Both sexes: Black with a white tail and red bill and forehead.

The Moorhen appears mostly black, but a closer look reveals blackish-brown upperparts and grey-black below. Underneath the tail (undertail coverts) are white and there is a white line along the flank. The bill and frontal shield (forehead) is red, the bill having a yellow tip. The legs and feet are a striking yellow-green, and if you are lucky you may catch a glimpse of the red "garter" at the top of the legs. The toes are lobed, not webbed. The eye is red.

Moorhen chicks have black, downy feathers except round the eye and bill. Juveniles have browner underparts and lack the red frontal shield.

Frequently confused with the Coot by beginners, try to remember: "R" is for red, and there are no "R's" in Coot!


Moorhens tend to be more solitary and feed around the water's edge. Though they appear placid, fighting is common and often prolonged, with each bird striking the other violently with the feet and even attempting to push or drag them underwater.


Scientific Name Gallinula chloropus
Length 30-35 cm  (12-14")
Wing Span 50-55 cm  (20-22")
Weight 250-400 g  (9-14 oz)
Breeding Pairs 240000
Present All Year
Status Amber

Distribution map - when and where you are most likely to see the species.
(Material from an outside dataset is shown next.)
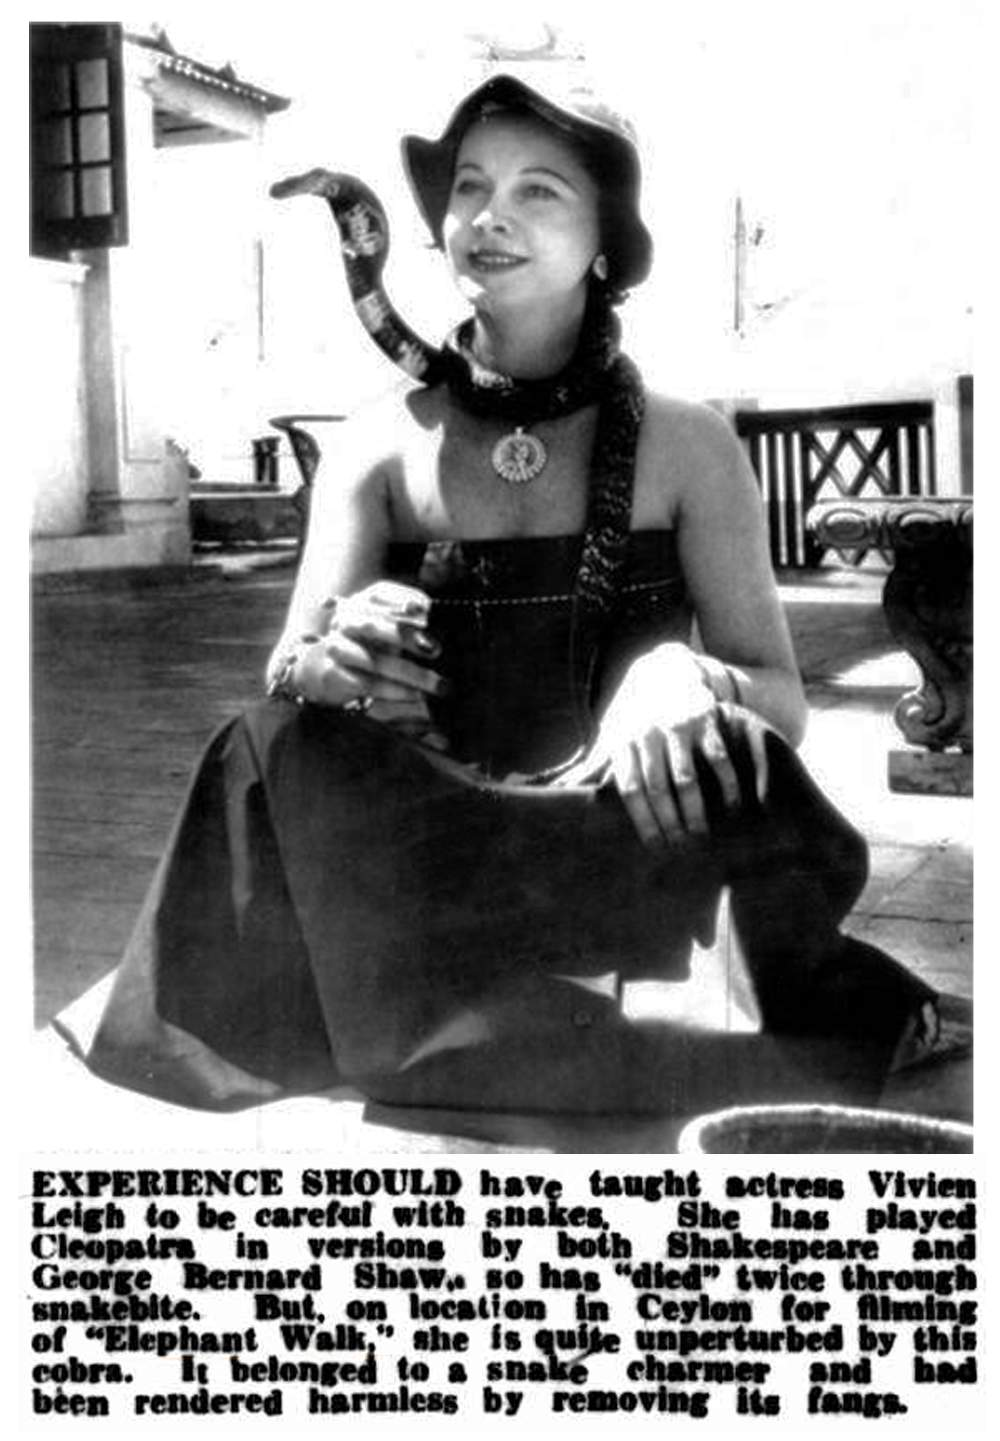 Vivien+Leigh+Cobra.jpg

Often, they will surprise you with their loud, explosive "curruk" call.


© Jean Roché,


Moorhens feed both on water and land and so have a varied diet of leaves, seeds, berries, worms, snails and fish, and also other birds' eggs.
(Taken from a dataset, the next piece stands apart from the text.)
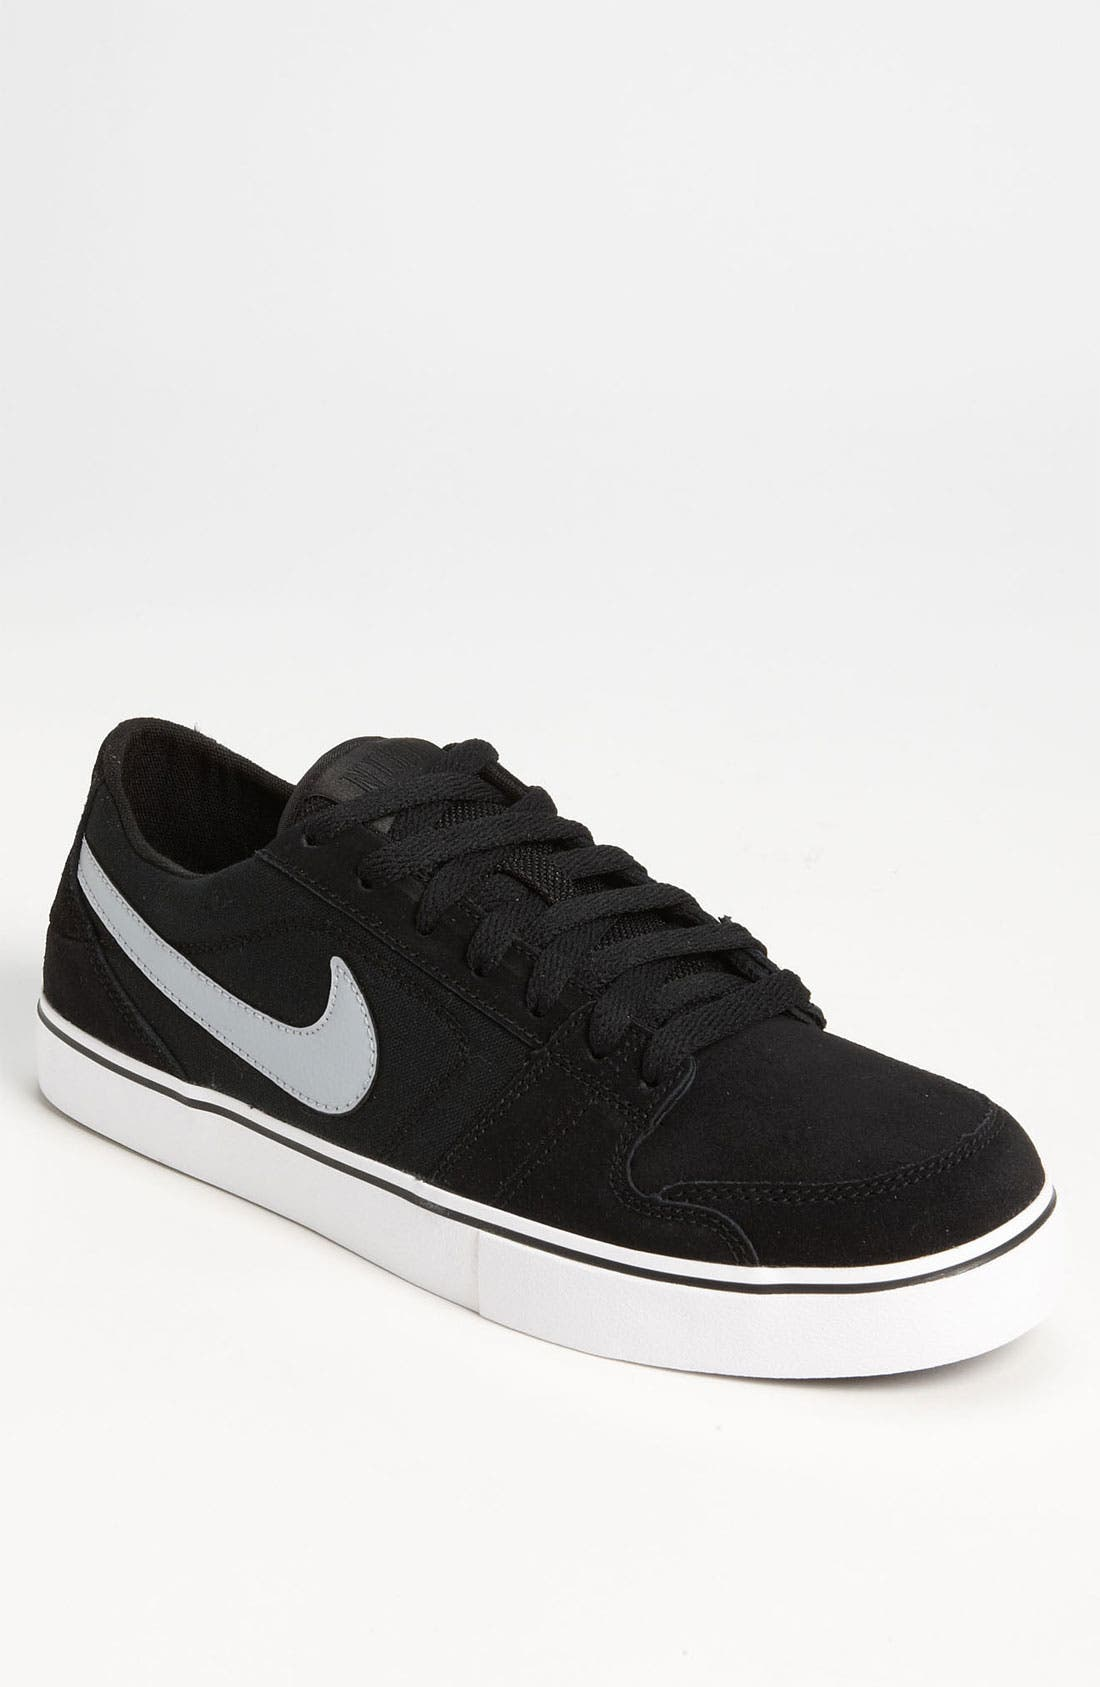 Main Image - Nike 'Ruckus LR' Sneaker (Men) (Online Only)

They will take bread in gardens.


Generally, the female builds the nest among vegetation in the water while the male gathers the twigs, etc.

Their eggs are smooth and glossy, greyish-white to green with reddish-brown or grey markings. They are about 43 mm by 31 mm. Both parents incubate the eggs and look after the precocial nestlings, which when newly hatched are fed in the nest for a couple of days before swimming with their parents.

Breeding Starts Clutches Eggs Incubation (days) Fledge (days)
late March 1-3 2-21 19-22 42-49


British birds are sedentary but many birds north-west Europe spend the winter in Britain.


The population declined in the 1970s and 80s but has since been recovering. The decline seemed to be a result of reduced clutch size and this in turn may be caused by the spread of American mink Mustela vison, which predates birds' nests along waterways.